Things That Haunt My Dreams- Not For The Faint Of Heart

These are a few of my more disturbing recurring dreams. Happy Halloween Week.

I am in Vietnam trying to save a herd of children from the hell around us. I have shell shock from the bombs crashing, but there is one sound I can hear, the screams of a tortured child. I look up and he is there, the tall man thing made of pure shadow. On his back he caries a flame thrower and my herd of children run, but some are not fast enough. I see them burn, the flesh melting off of them. On top of the flame thrower in a basket sits the source of the only noise I can hear- a child of famine, so skinny, but with the bulge of it’s swollen belly sticking out, just screaming, wailing. Not understanding, but accepting. I run at him.
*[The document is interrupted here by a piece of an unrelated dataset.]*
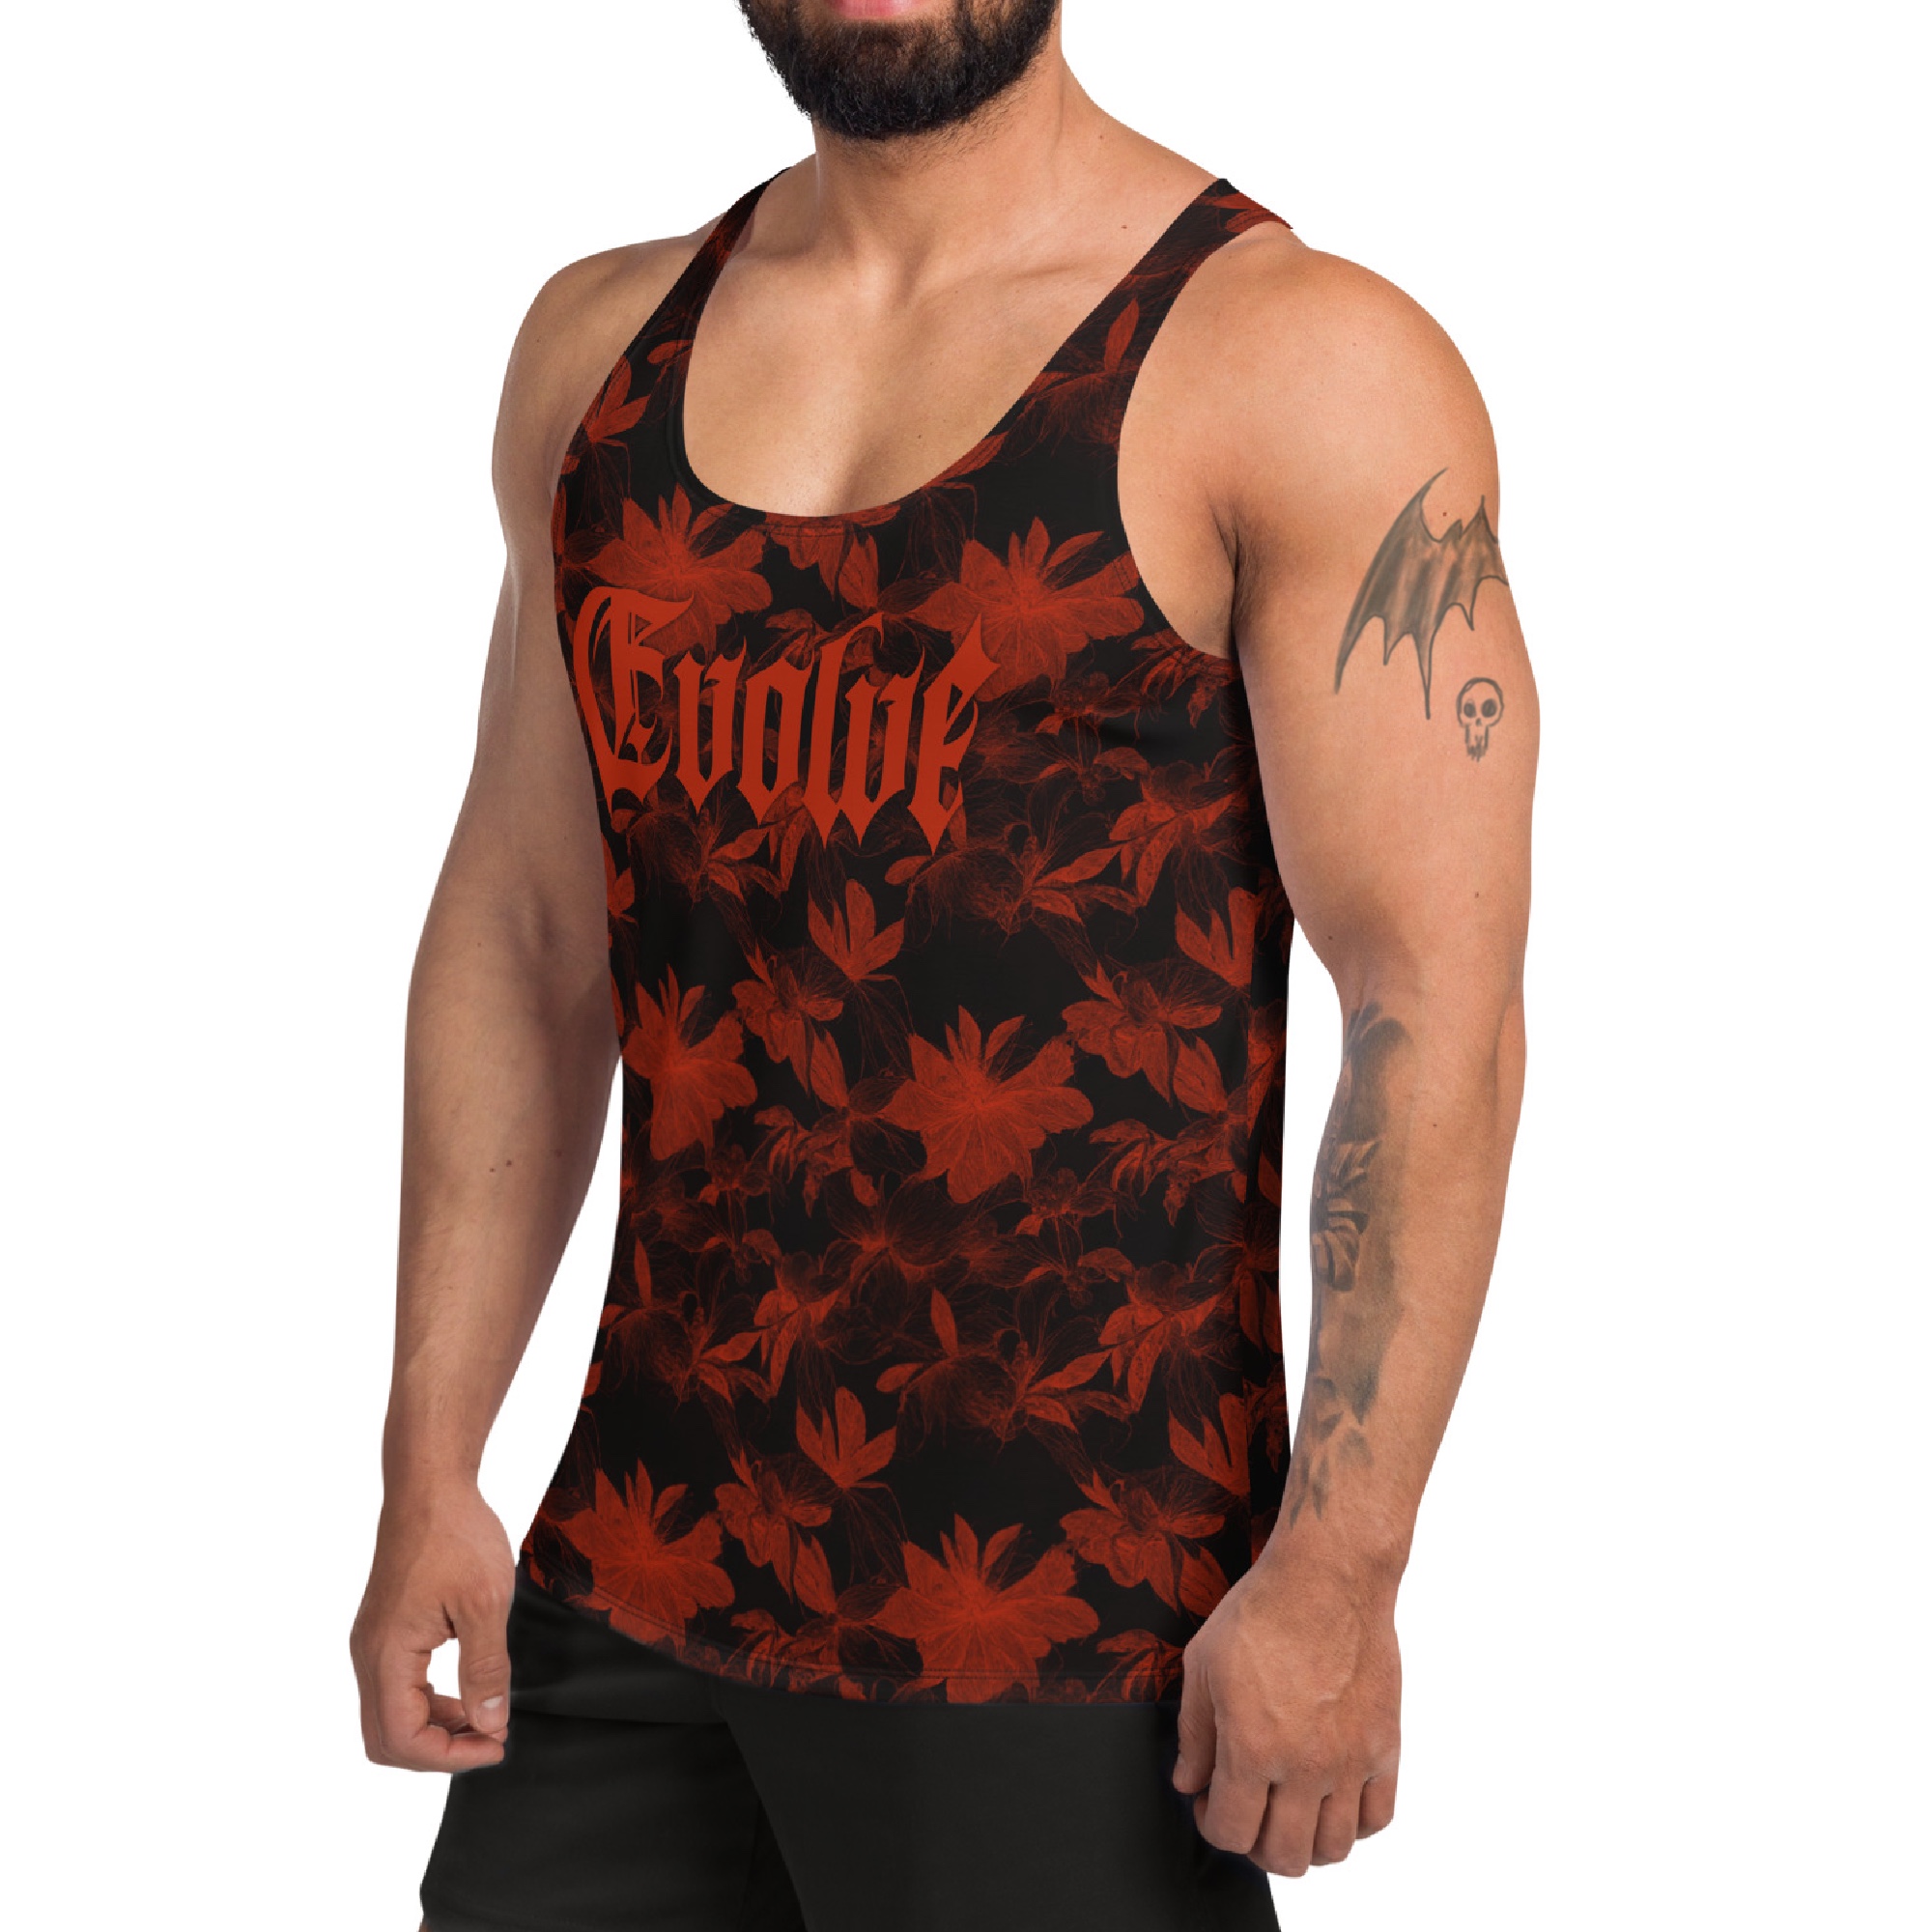 Featured image for “Evolve floral blood - Unisex Tank Top”

I am not sure if I want to kill him or just save the child of famine. I burn.

I am climbing the mountain of stone. My bare hands and feet are bloody and I am cold. I reach a small landing and find the cave. They sit inside, the four of them. No eyes and no tongues, yet they see and speak. The Old Women. They sit around a fire, stitches that will never heal where their eyes and mouths used to be, their gray hair a tangled mass that falls over their bodies. In their dirty hands they hold knitting needles, and I see that they are knitting their own hair into a blanket to cover them. “She is here,” they laugh. “she has climbed all this way. What does she want?” They know what I want, I want to know everything they know. “She doesn’t even know the six.” They laugh some more, like mad women…then they come at me fast with the knitting needles. My eyes, my tongue, my belly.
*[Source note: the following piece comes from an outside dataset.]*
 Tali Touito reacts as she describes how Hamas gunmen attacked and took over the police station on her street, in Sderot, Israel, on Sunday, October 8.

I am in the forest where I grew up. It is night and I know I shouldn’t be outside. I am confused, afraid. My hair is long again and loose. The trees tear at my dress, the leaves under my bare feet are cold and slick. It must be fall. The air is cold, but I smell smoke from a wood fire, I must be near home. I hear a sick strangled growl emerge from the brush directly behind me. I know what it is. The Half Beast. I run, and it chases. It has two arms with very human hands tipped in razor sharp talons, filthy with blood and dirt. Attached by a pair of narrow muscular shoulders is it’s head, which looks very much like a cat’s skull with the eyes of a snake, solid black, but huge. two small pointed ears, small nostrils, and a lip less over sized grin of huge pointed fangs, constantly gnashing and gasping like a dying animal. Finally there is it’s body. It ends too early in a half healed tangle of intestines. It drags it’s self along with its arms, but fast, madly, because it must eat. I run. It chases.
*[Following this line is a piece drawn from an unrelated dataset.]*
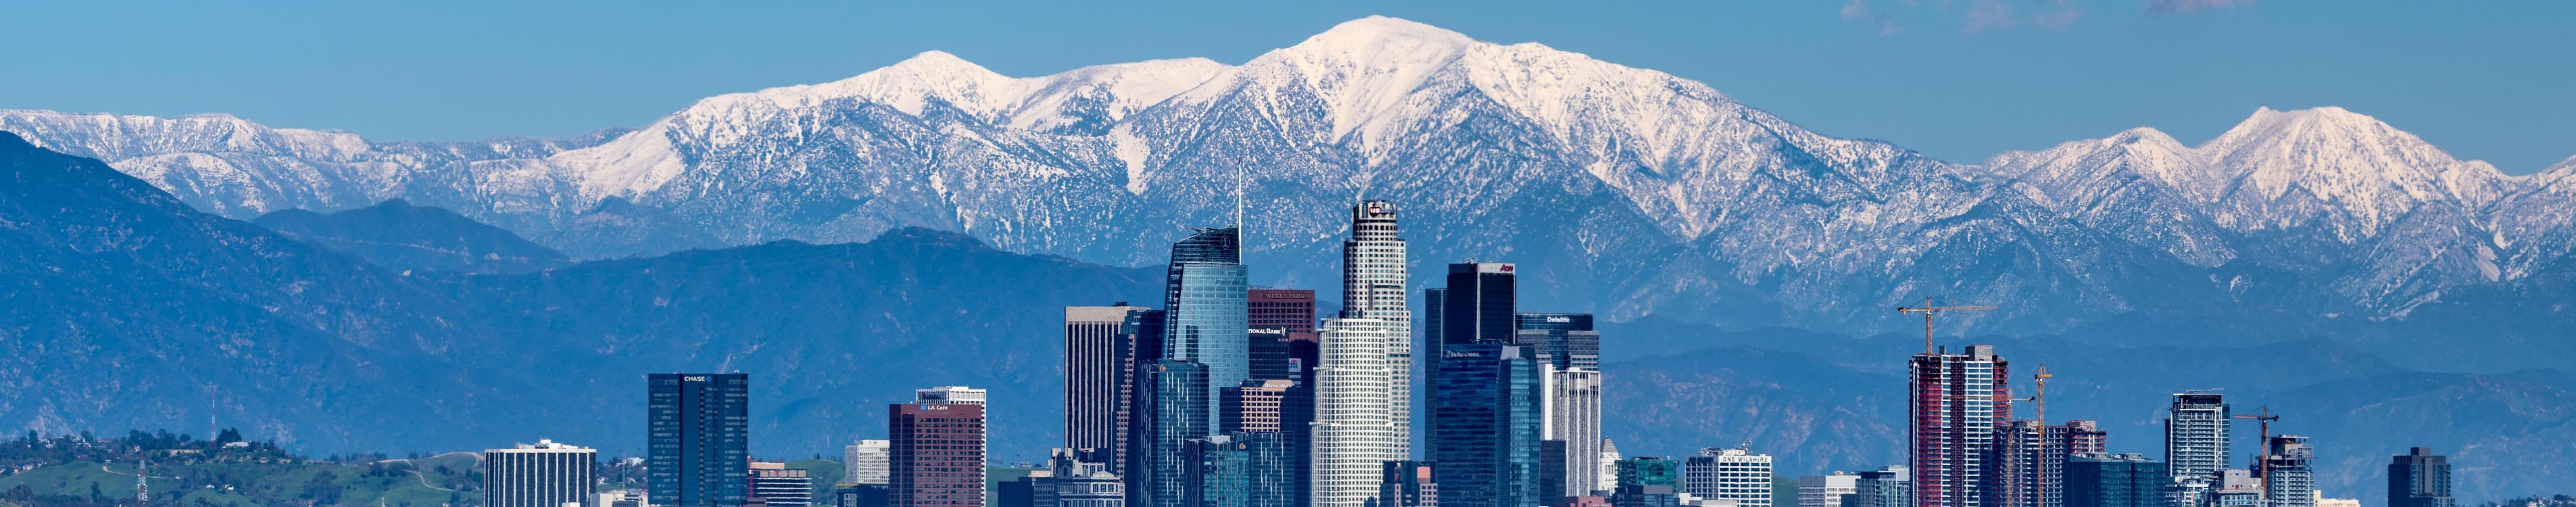 Skyline of Los Angeles with the Sierra Nevada Mountains in the background

I am in Willits, standing in the middle of Main Street under the empty Van Hotel. Something is very wrong. All the stores are closed, boarded up besides a few…there has been a war, the bomb has hit. There are bodies that no one has bothered to clean up. Worse than that, there has been poverty. Skinny stray animals and children hide in the alleys. I am wearing a peacock blue corset with matching skirt, shoes, and pillbox hat. They glitter with rhinestones and peacock feathers. I am very pleased to see my reflection as I pass the few non boarded window, all of it matches, and that seems to be very important to me for some reason. I walk down the street heading south. I see an open shop with hippie blankets for windows. I walk in and an old man is cooking something and smoking a pipe. Two other men are arguing over a broken metal statue of a dog, one of them has broken it and the other wants him to pay. I get out before they can involve me, which seems to be about to happen. There is trash and filth everywhere, and no matter how hard I try, it rubs off all over me- all over my pale hands and legs, my matching shoes and outfit. I run, angry that this place is tainting me. On the side of the road I find one of our old cars, a 1954 Lincoln Town Car, suicide doors, dark blue. The keys are inside. I get in and drive south until I see lights. The lights reflect off of the rhinestones I am wearing and suddenly I am clean and safe.